I’m always interested in improved performance. It doesn’t require any work from me but I still benefit from it

The linear algebra module could see some improvement, (not my area of expertise, so I’m not sure how it could be improved).

I’d love to see support for accelerators and massive parallelism (via XLA as in Jax for example) land in NumPy.

Speed up computation process. Currently, we need other packages like Numba, NumExpr, or Cupy. It will be interesting to have speed without any additional packages.

Reliability

115 participants shared their thoughts on reliability and how it can be improved.

Click to expand!

Comments

If you want people to use the library, reliability is a top priority.

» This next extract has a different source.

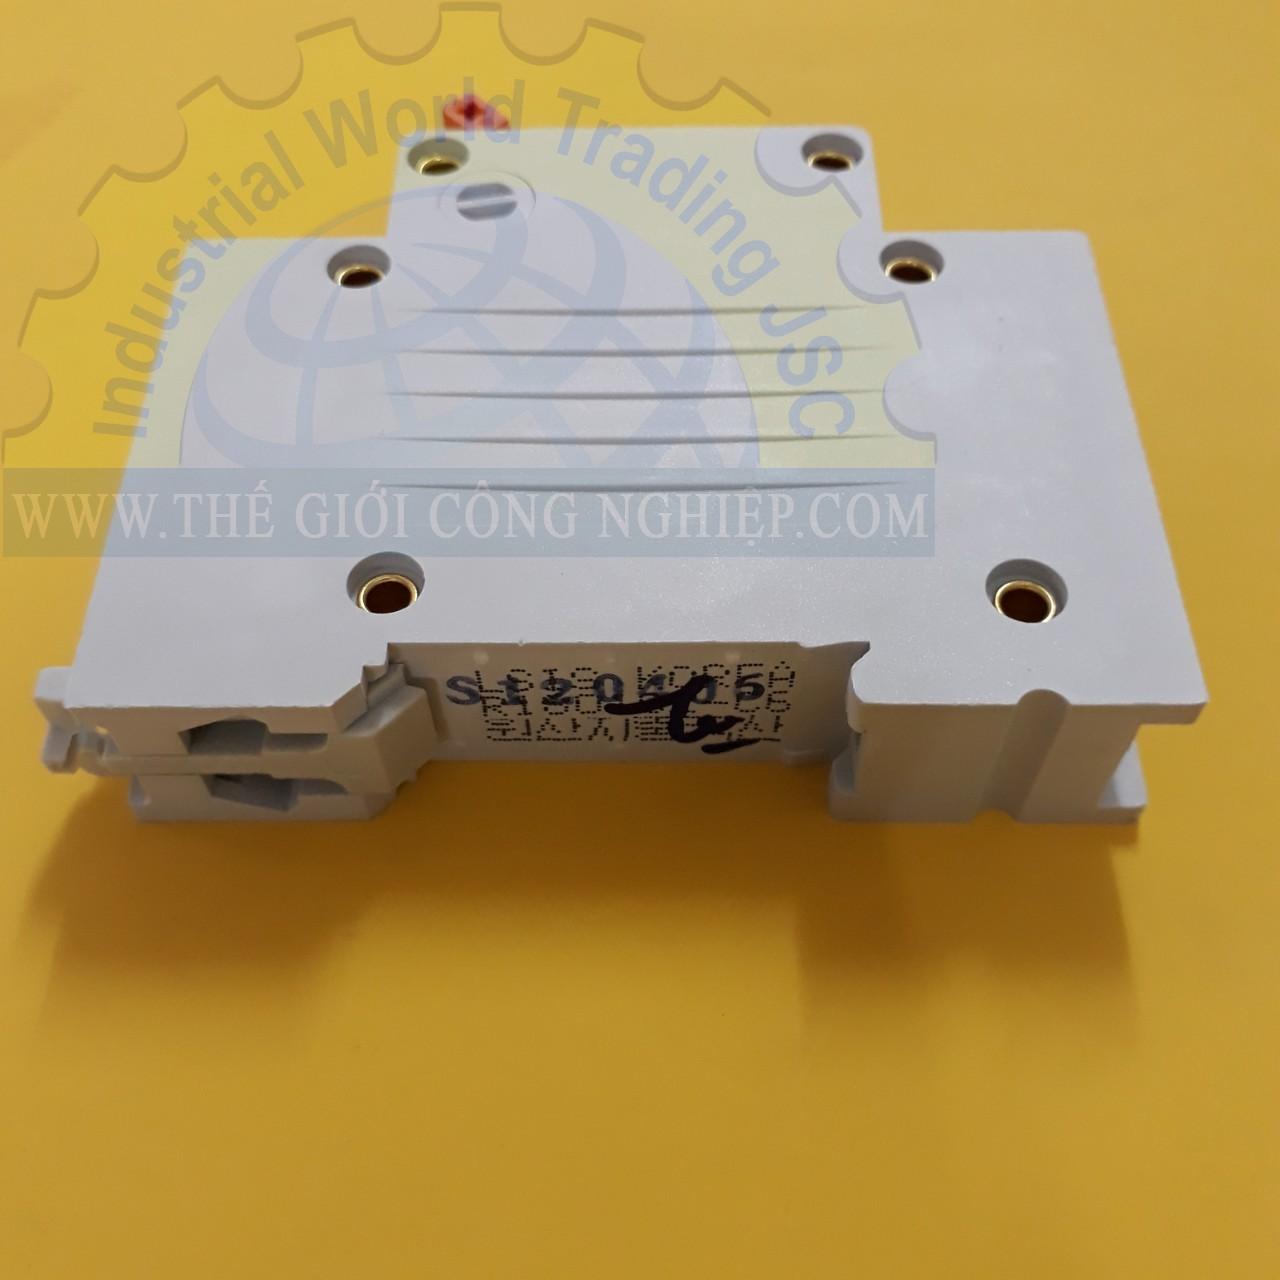 MCB ( gắn trên ray ) loại 1 cực cB tép 1 pha BKN 1P 6A LS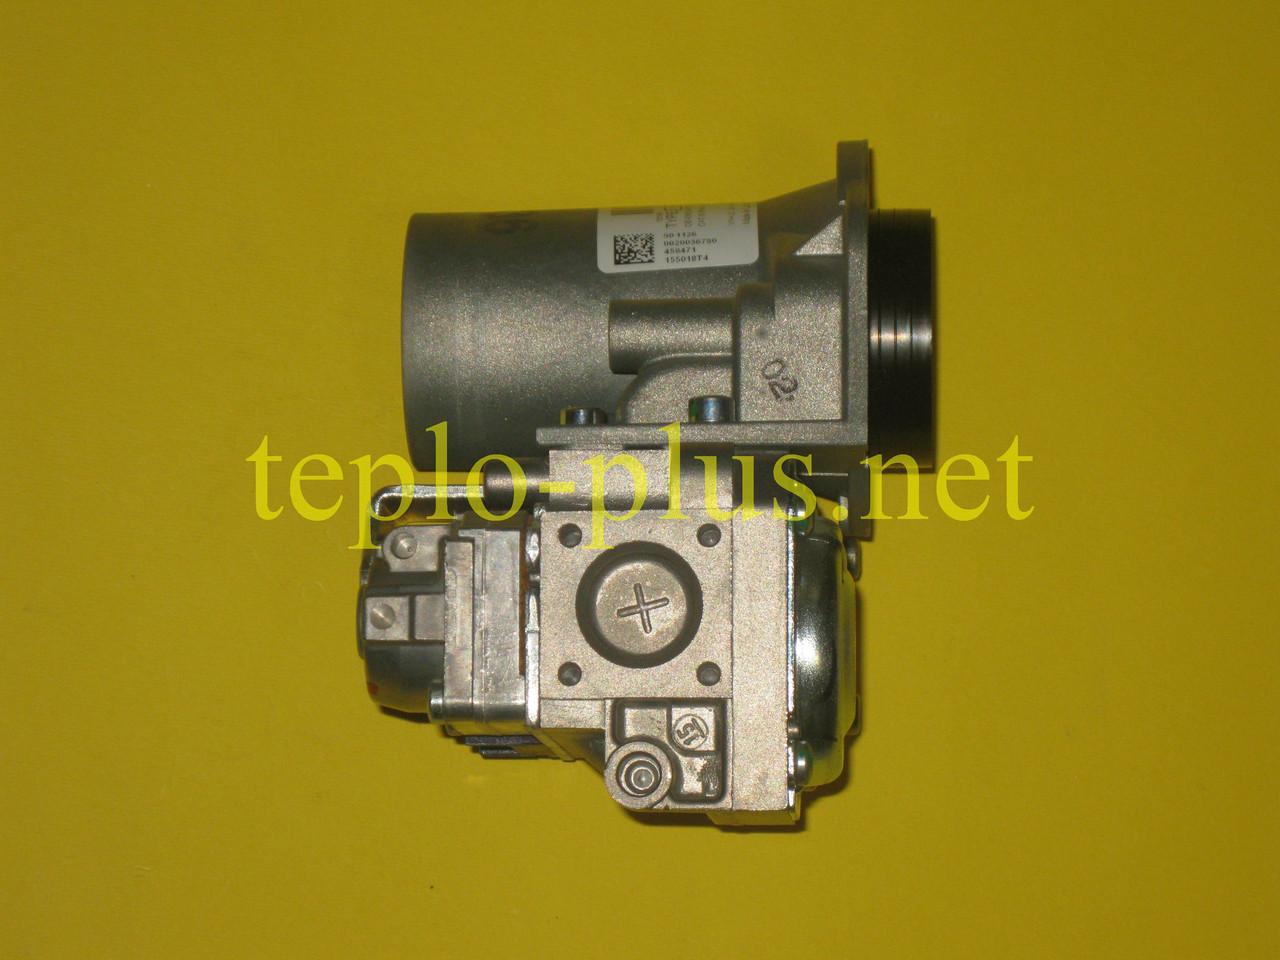 Газовый клапан Honeywell VK8115V 1036 053500 Vaillant ecoBLOCK pro/plus, ecoTEC pro/plus, ecoVIT plus

As NumPy is a library that is widely used both professionally and academically, it is certain to guarantee high performance and reliability. (Original in Portuguese: Como NumPy é uma biblioteca de vasto uso tanto em âmbito profissional como acadêmico, é certo garantir alta performance e confiabilidade.)

I think reliability must be a top priority, no matter what. Being correct must be more important than any other aspect of NumPy. I believe that NumPy does a great job in this respect. I selected reliability as a top priority to keep seeing this.

TBH I just gave this a very high priority because that is the aspect of the code I maintain I’ve been most focusing on lately, so I think it’s a crucial selling-point for any library. I don’t have a suggestion off the top of my head as far as numpy is concerned. I find most of the error messages I usually encounter are very helpful and I rarely find myself scratching my head over some error that looks unrelated to what I’m actually trying to do. That said, I do believe that issues related to user experience should be given a very high priority as numpy is the core package that everyone uses in my branch (astrophysics) and its behaviour inspires many lesser developers who need an example for excellence.

Expanded testing features

Improvements in the documentation so that people use the correct functions for their intended purpose.

numpy still has a few inconsistencies originating its early days. Those should be cleaned up.

Adopting property-based testing. See eg https://doi.org/10.25080/majora-342d178e-016

Again as a core component of the pydata ecosystem, reliability and API consistency is mandatory and numpy is known for that reliability, I would try to make sure it’s sustainable.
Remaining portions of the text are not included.